Problem:
Word for word, restate the listing; omit the pictures.
BEGIN The data
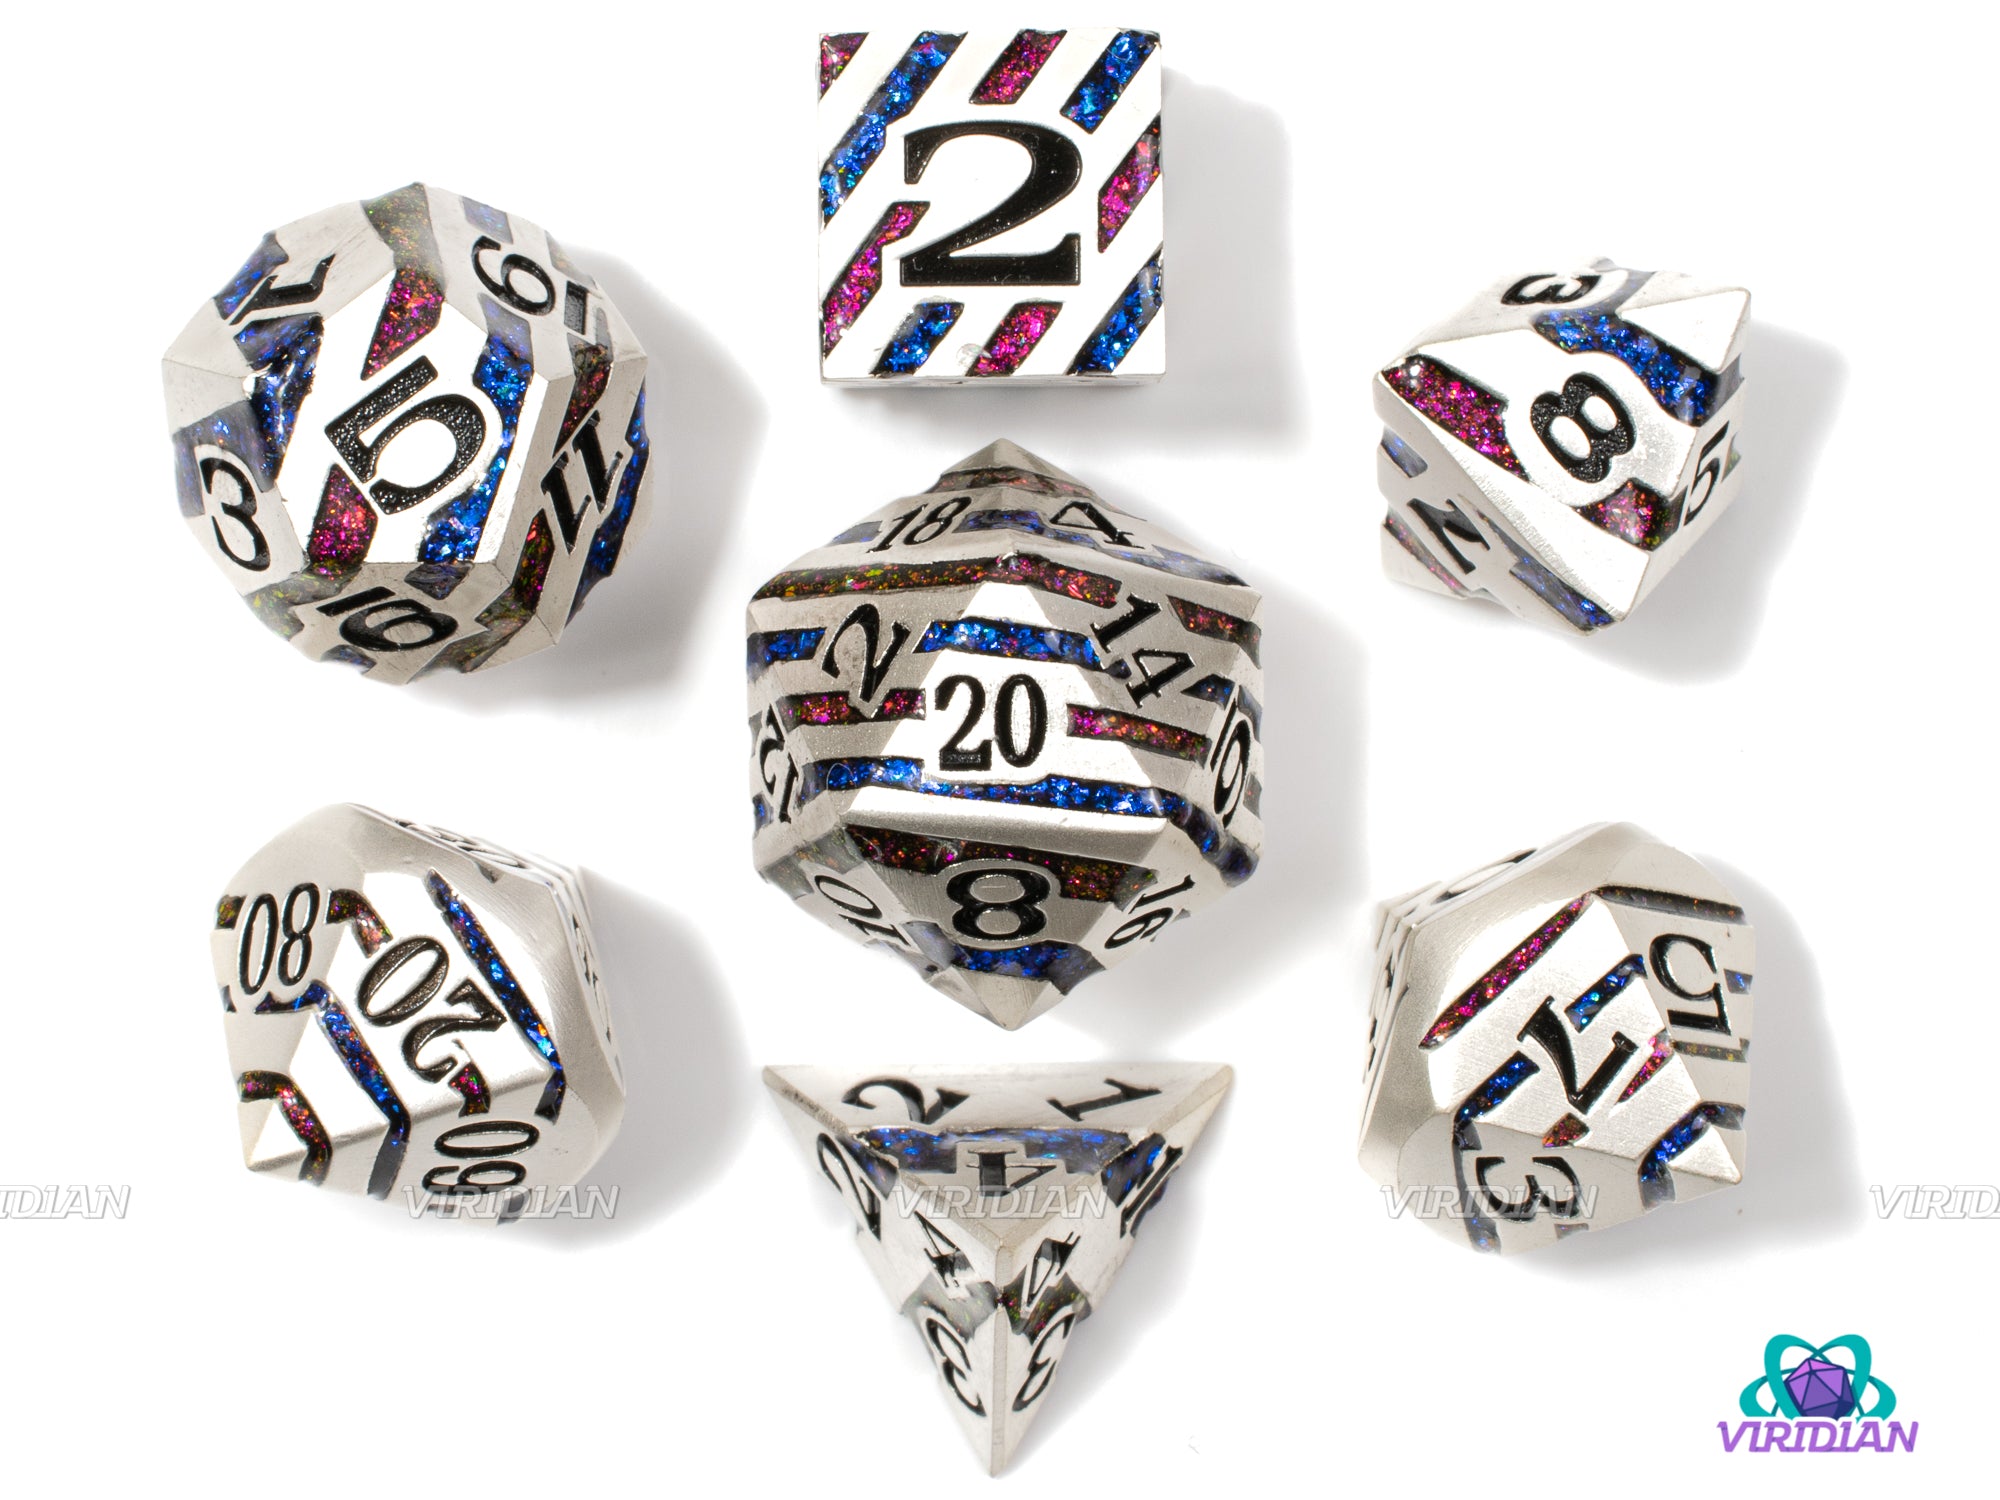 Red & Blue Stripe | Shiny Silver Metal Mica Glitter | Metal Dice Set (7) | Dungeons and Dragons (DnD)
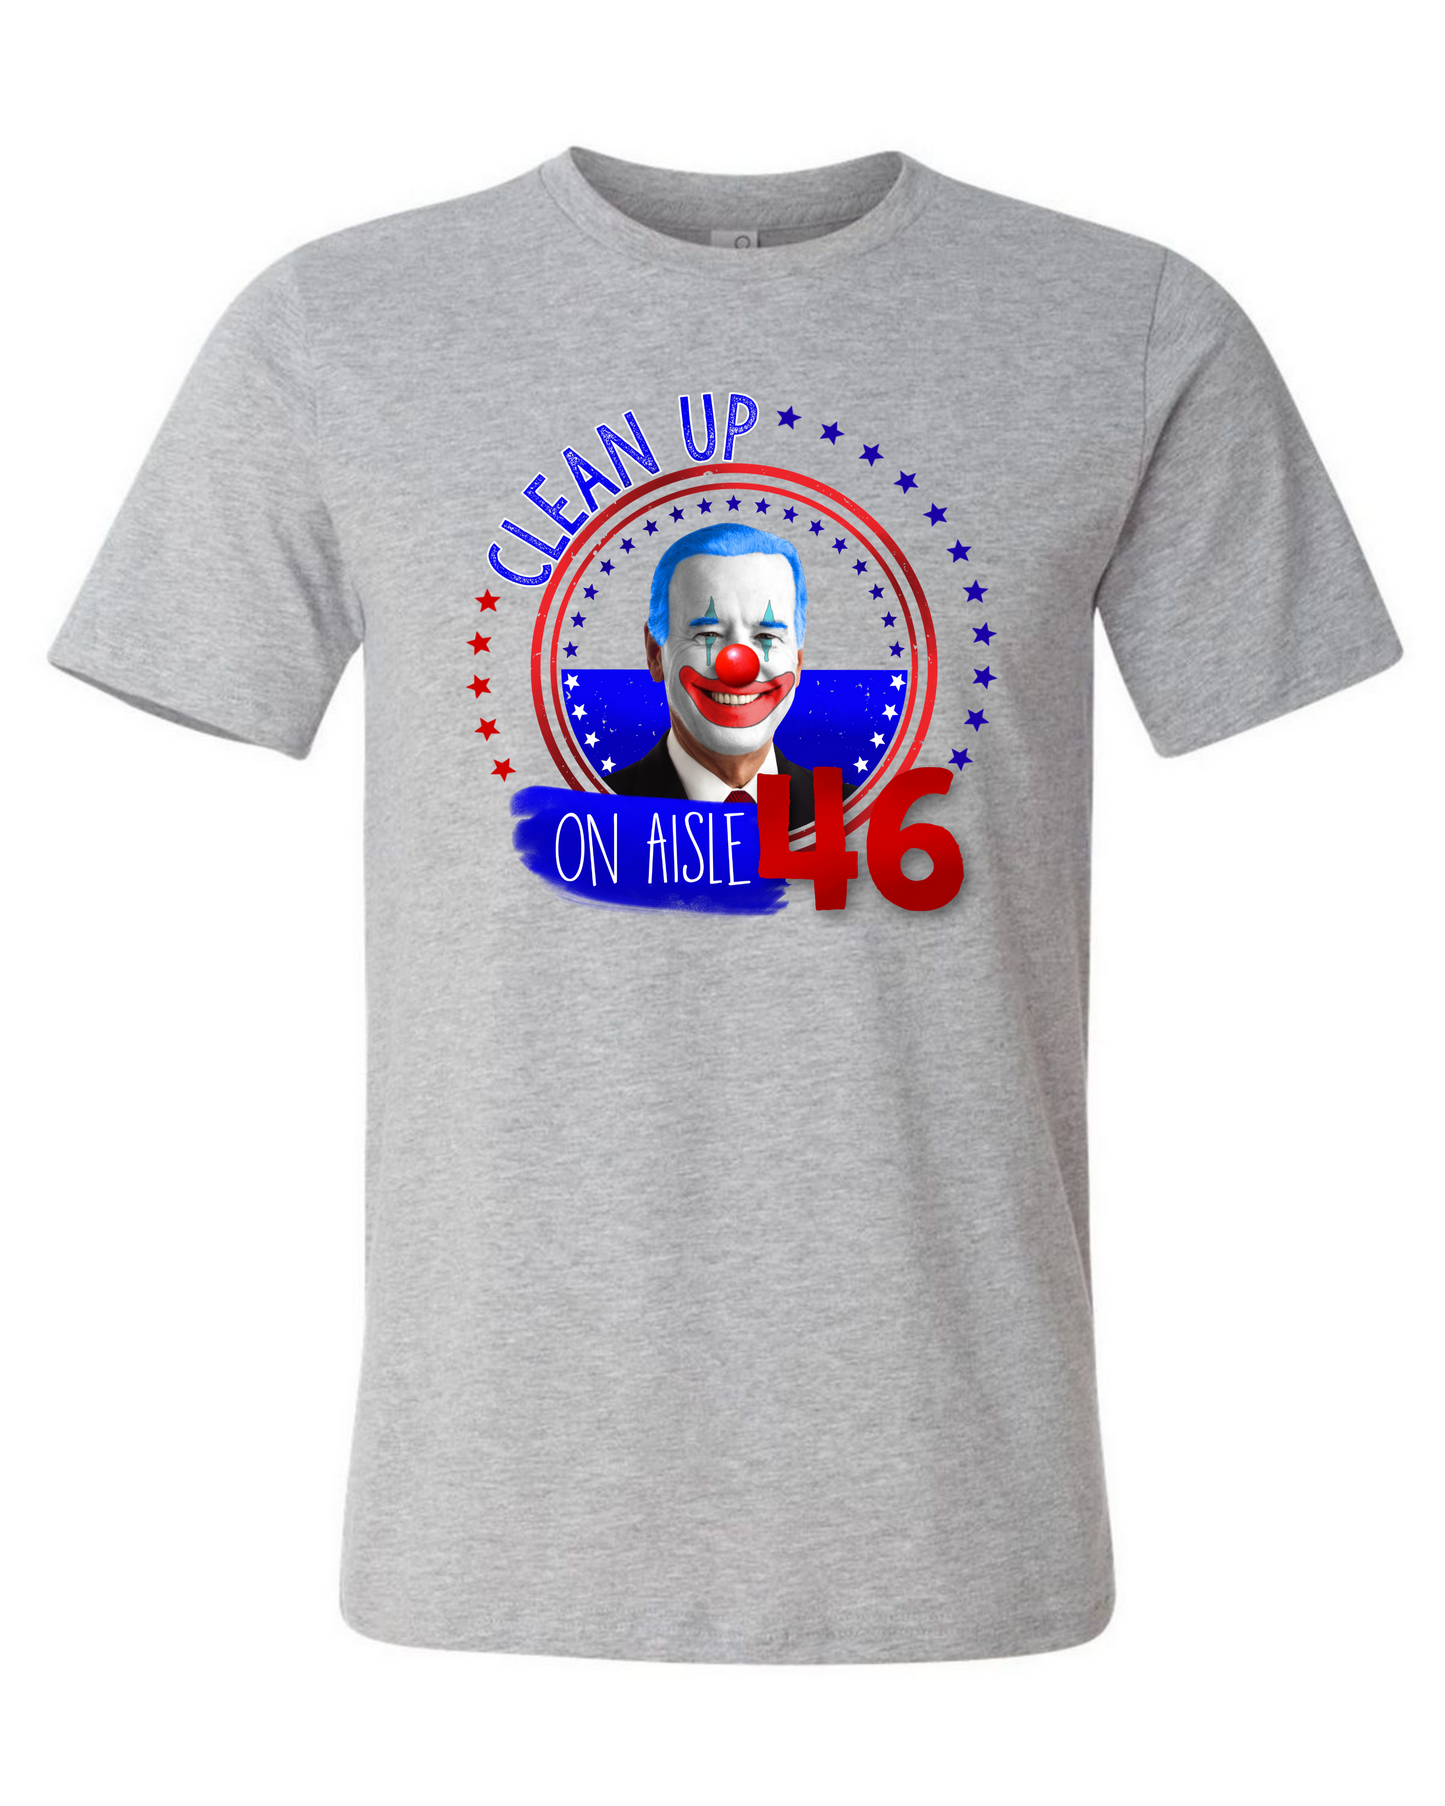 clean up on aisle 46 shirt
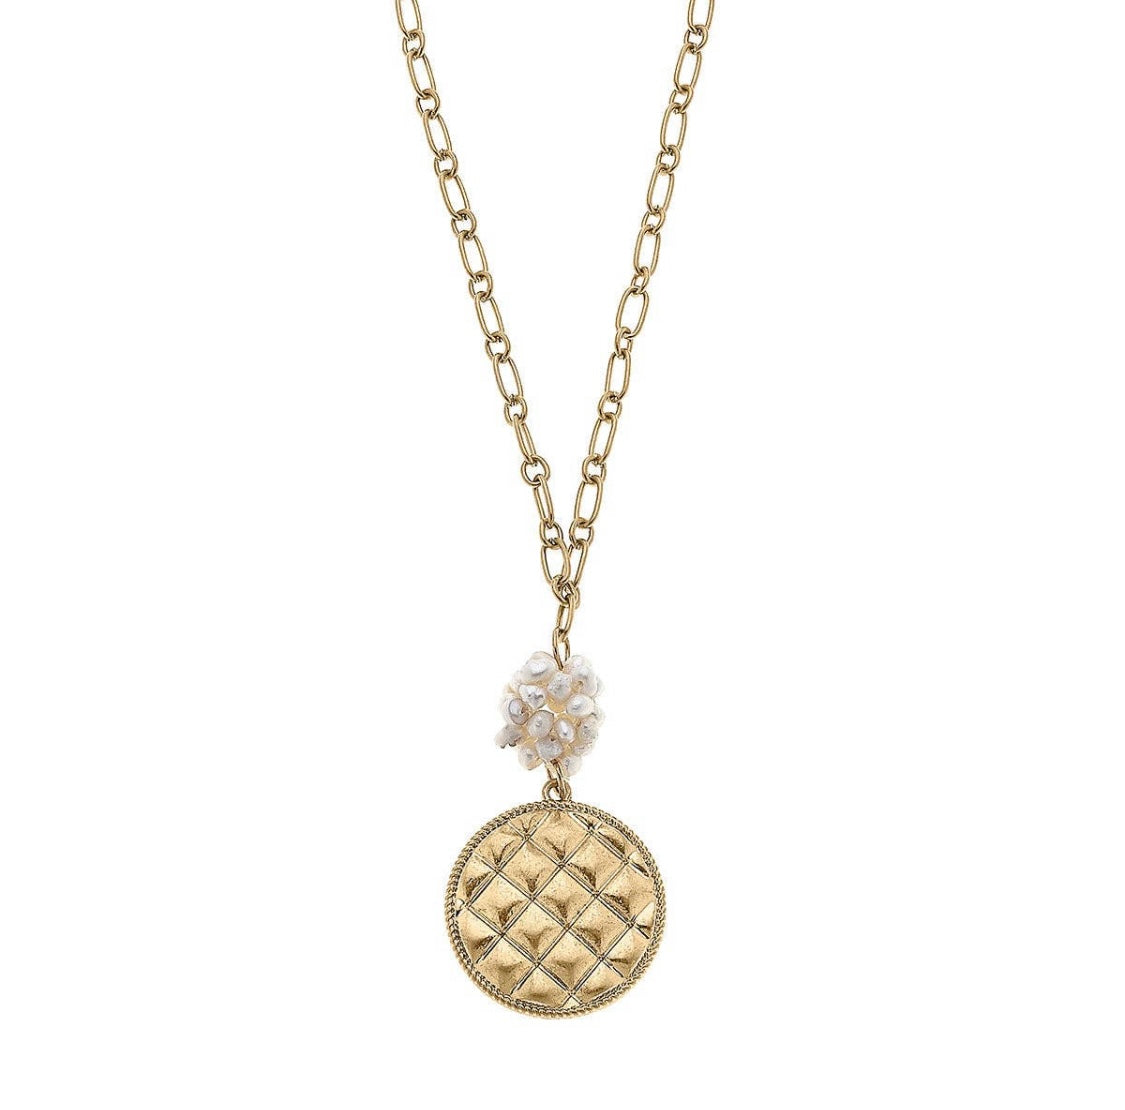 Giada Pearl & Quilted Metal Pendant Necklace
END The data
Expected output:
 Red & Blue Stripe | Shiny Silver Metal Mica Glitter | Metal Dice Set (7) | Dungeons and Dragons (DnD)
 clean up on aisle 46 shirt
 Giada Pearl & Quilted Metal Pendant Necklace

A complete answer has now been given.